PROBLEM TO SOLVE:
Everything from the line holding "Okay so real" to the end of the listing below should be copied exactly, line for line, minus the pictures.

INFORMATION SUPPLIED:
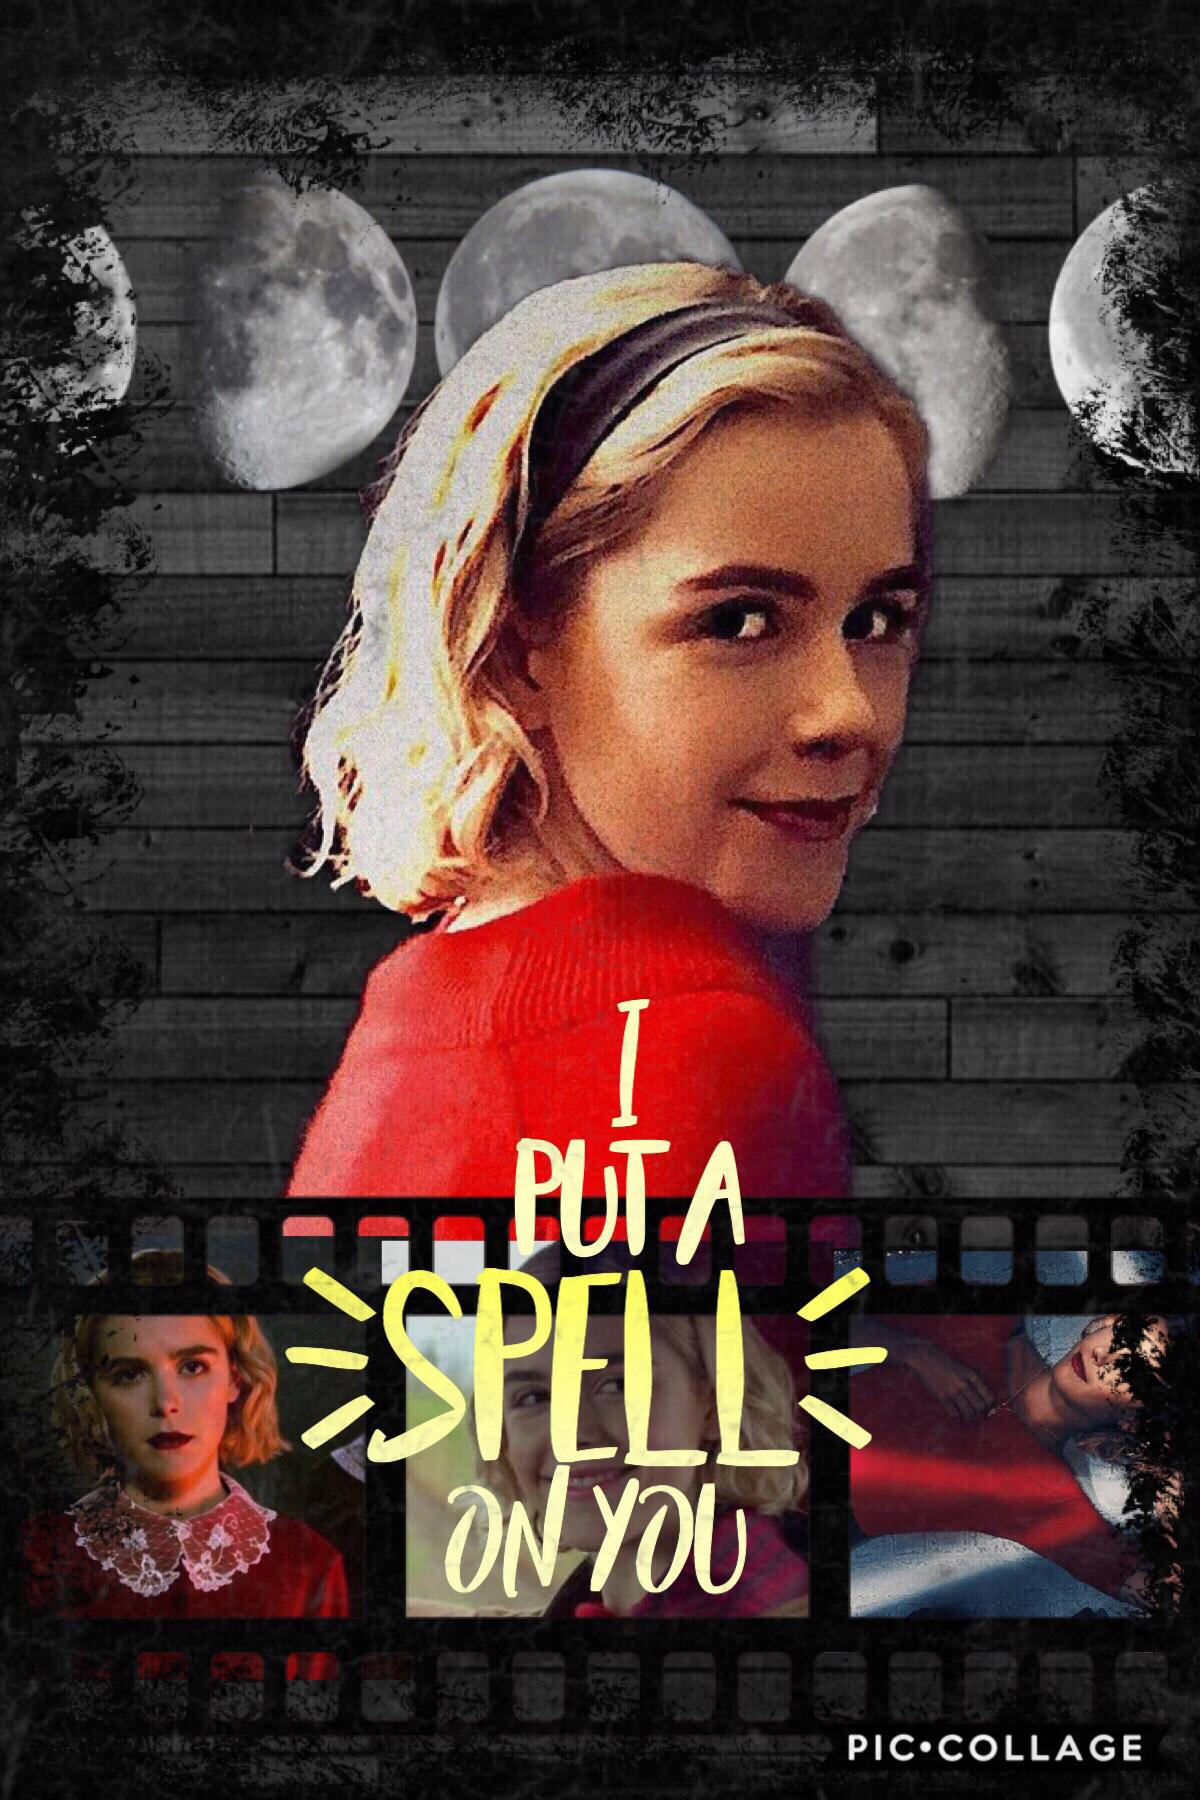 Tap🐄
Okay so real talk, I started watching Chilling Adventures of Sabrina last night and it’s actually really good, so i just had to make an edit! 
QOTD: What’s a song you’ve been obsessively listening to? 
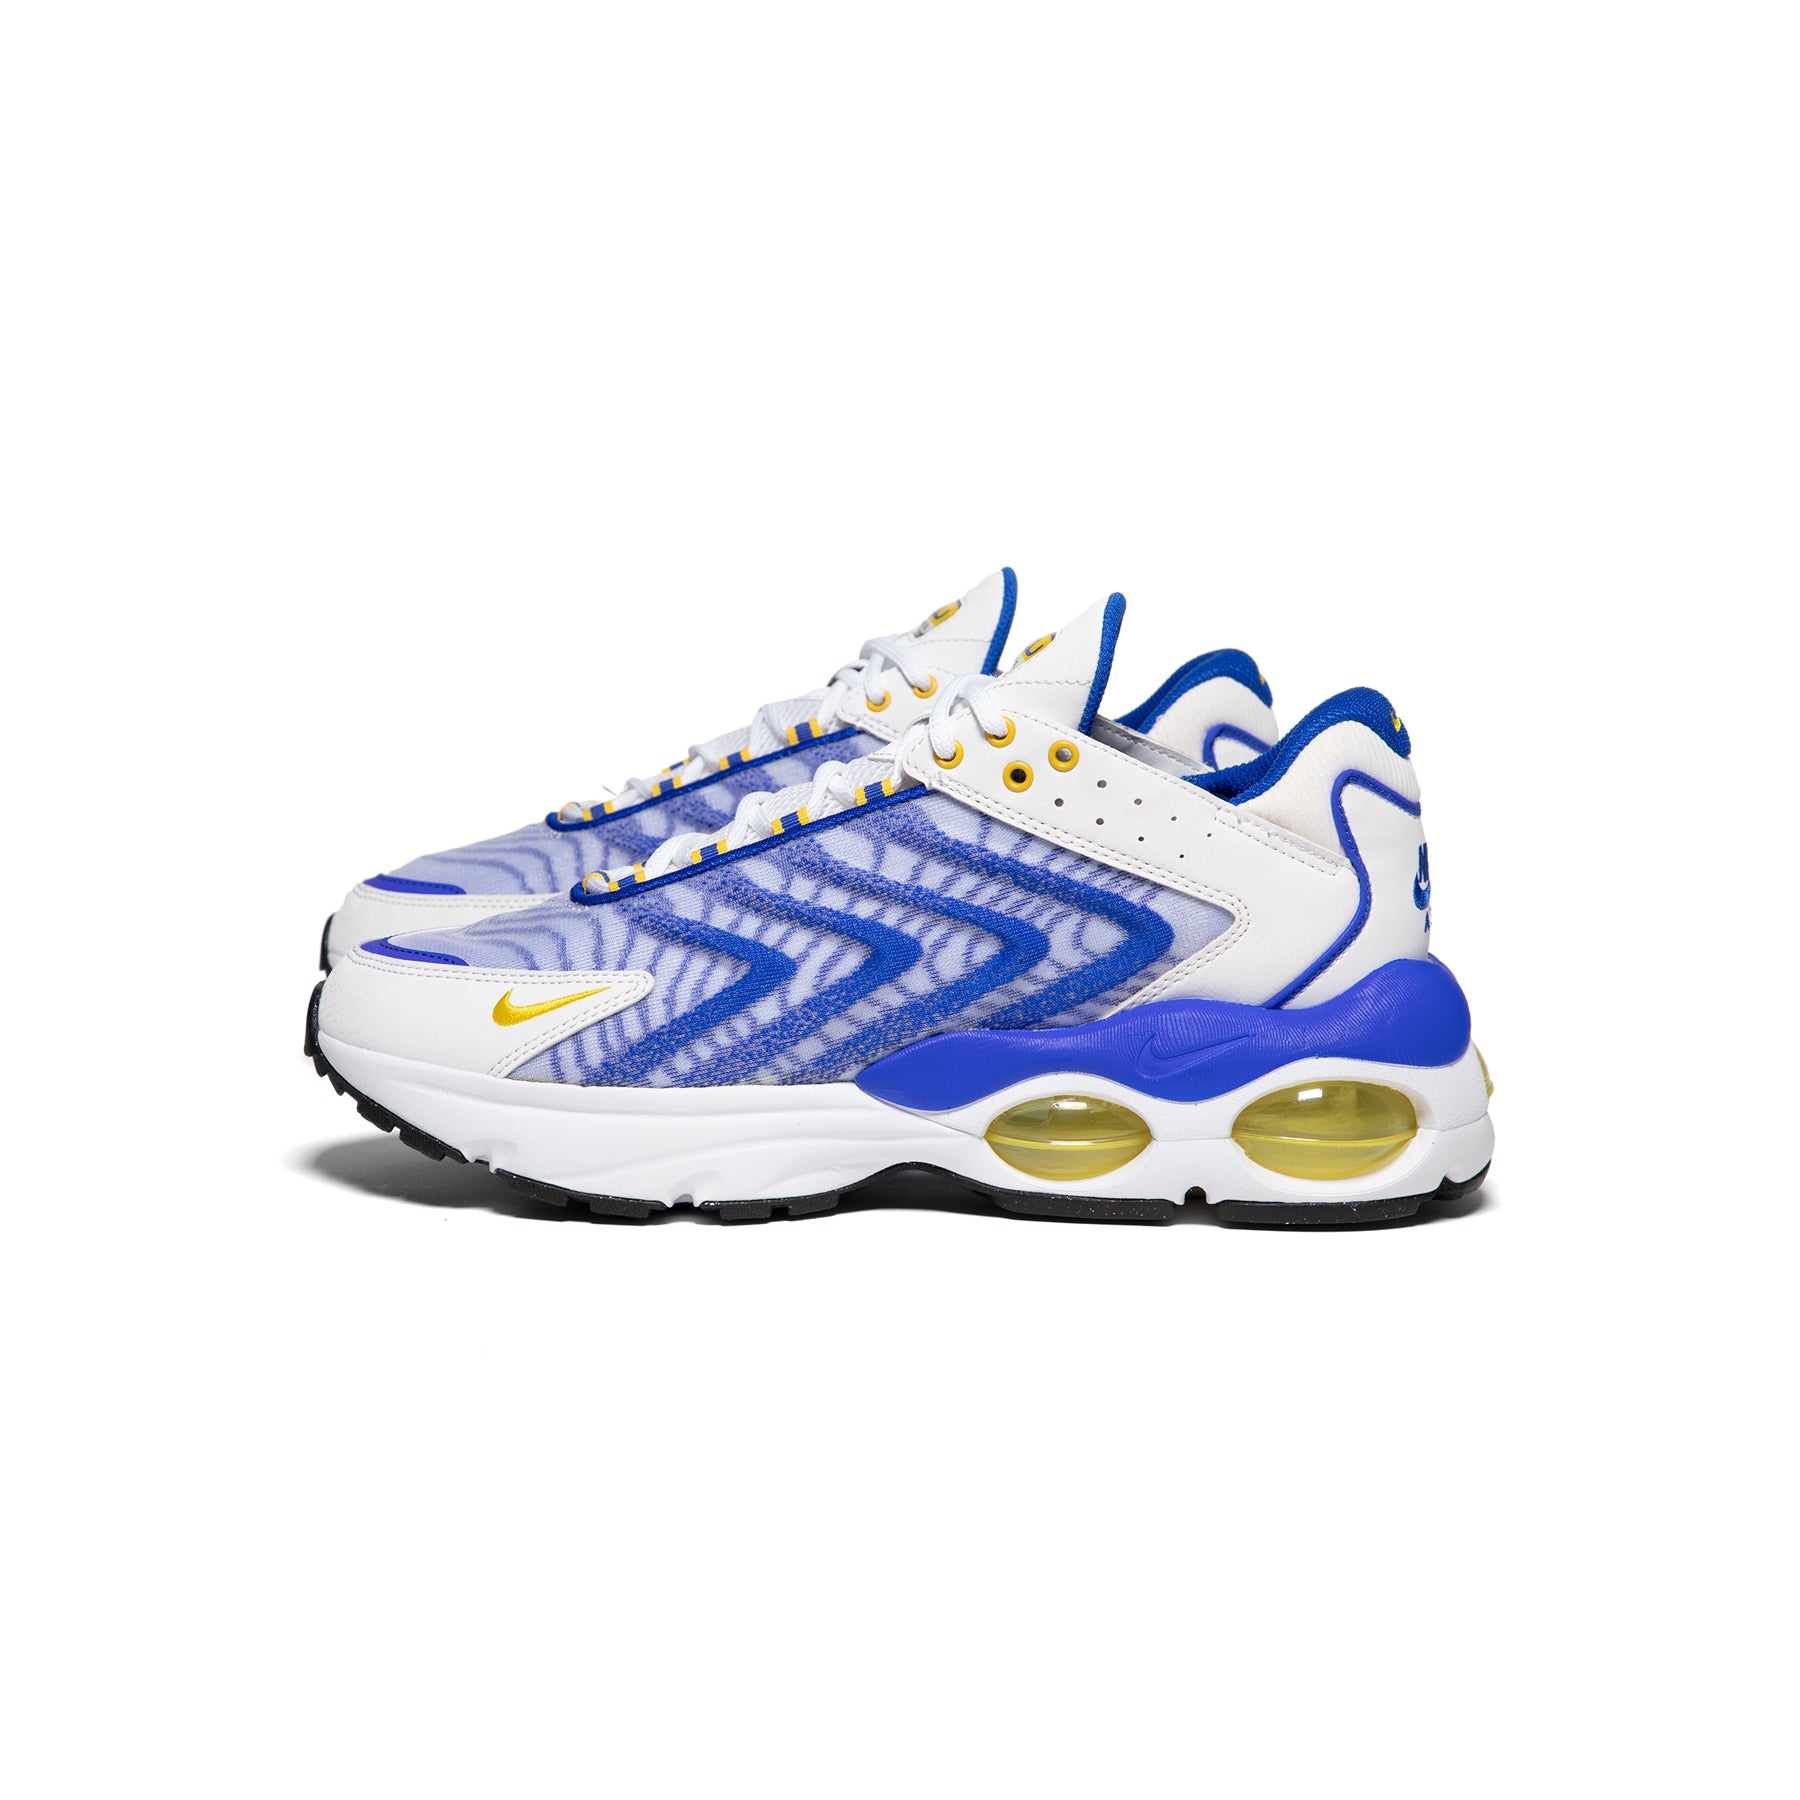 Ved navn Beskrive Tidsserier Nike Air Max TW (White/Soeed Yellow/Racer Blue/Black) – Concepts

TASK OUTPUT:
Okay so real talk, I started watching Chilling Adventures of Sabrina last night and it’s actually really good, so i just had to make an edit! 
QOTD: What’s a song you’ve been obsessively listening to? 
 Ved navn Beskrive Tidsserier Nike Air Max TW (White/Soeed Yellow/Racer Blue/Black) – Concepts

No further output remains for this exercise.